Figure 1.

A pro-adhesive PPARγ-mediated chemokine receptor switch, CCR2→CX3CR1, in atherosclerosis. LDL diffuses from the blood into the vascular intima, where it undergoes oxidative modifications forming randomly distributed extracellular pools of oxLDL and its stable linoleic acid metabolites. Circulating blood monocytes expressing both CCR2 and CX3CR1 invade inflamed arteries in response to pro-inflammatory cytokines and chemoattractants produced by vascular endothelium through a multi-step process that includes selectin-mediated rolling, integrin-firm arrest, spreading and diapedesis. After entering the subendothelial space, the atheromatous microenvironment rich in oxLDL stimulates monocyte differentiation into foamy macrophages that are the predominant cell population in early atherosclerotic lesions.
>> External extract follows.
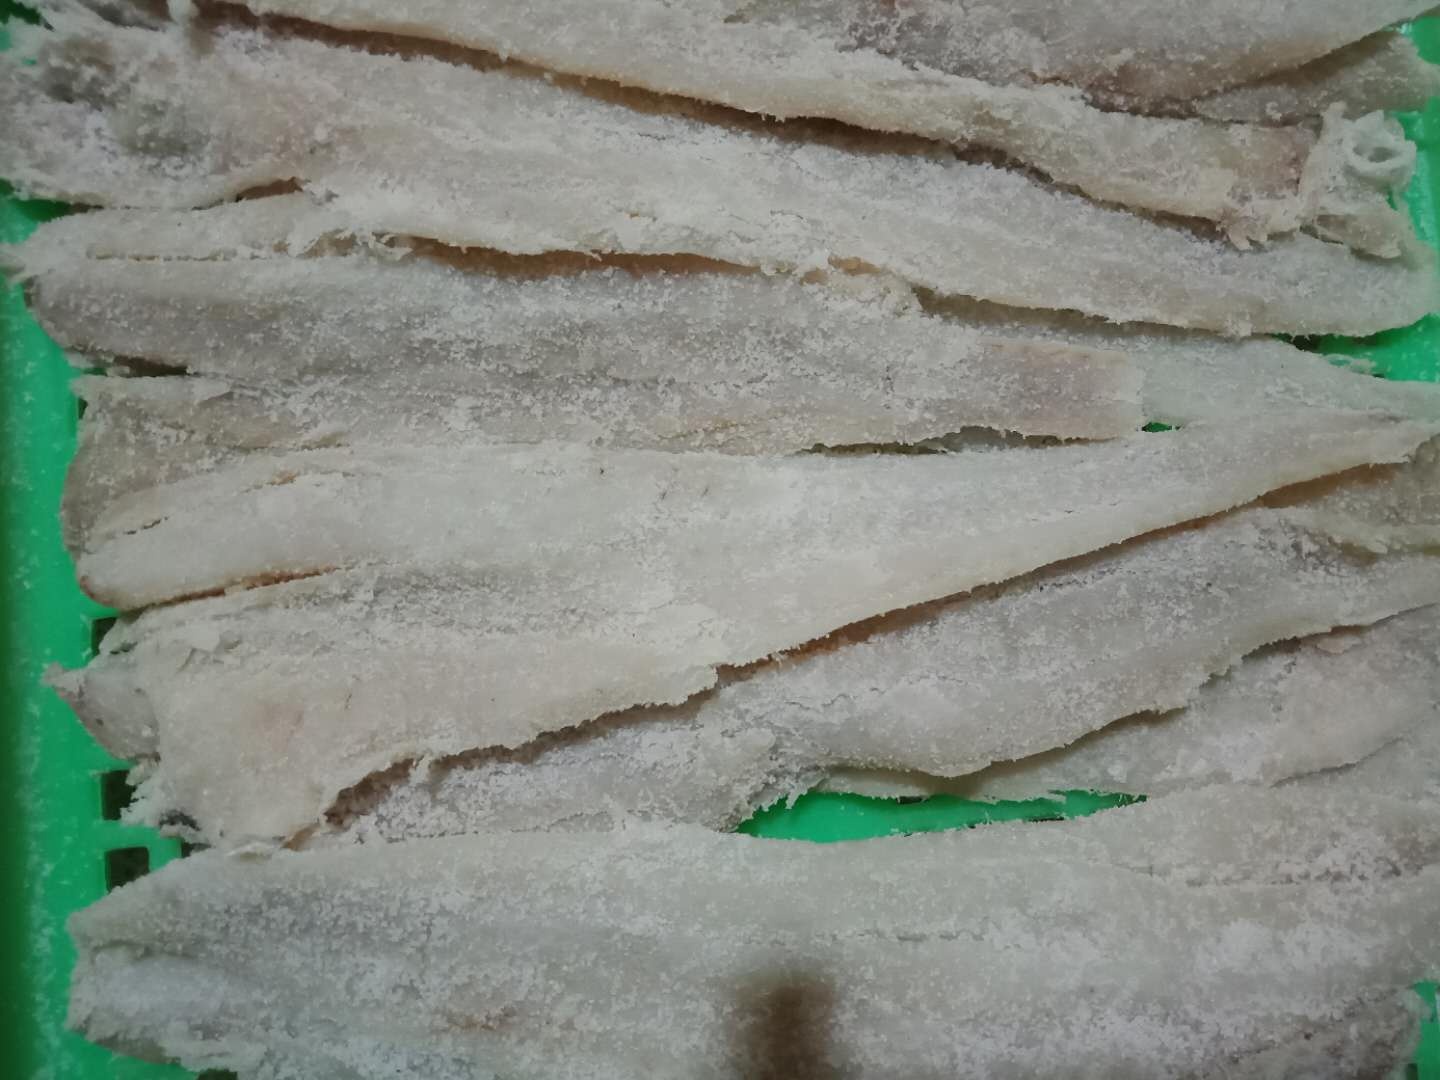 DRY SALTED POLLOCK FILLET

Furthermore, ingestion of oxLDL by monocytes activates the transcription factor PPARγ, which not only participates in maturation of monocytes to macrophages, but also promotes simultaneous downregulation of CCR2 and upregulation of the adhesion chemokine receptor CX3CR1 expression, thus promoting cessation of macrophage migration, and their capture and retention in the plaque. Furthermore, since CX3CR1 and its ligand CX3CL1 are expressed by various cell types in lesions, this pro-adhesive CCR2→CX3CR1 switch may support formation of numerous heterotypic and homotypic intercellular interactions maintained by a pro-atherogenic CX3CL1-CX3CR1 axis that may contribute towards organization of cells in plaque. Mo, monocyte; Mϕ, foamy macrophage; oxLDL, oxidized LDL; SMC, smooth muscle cell.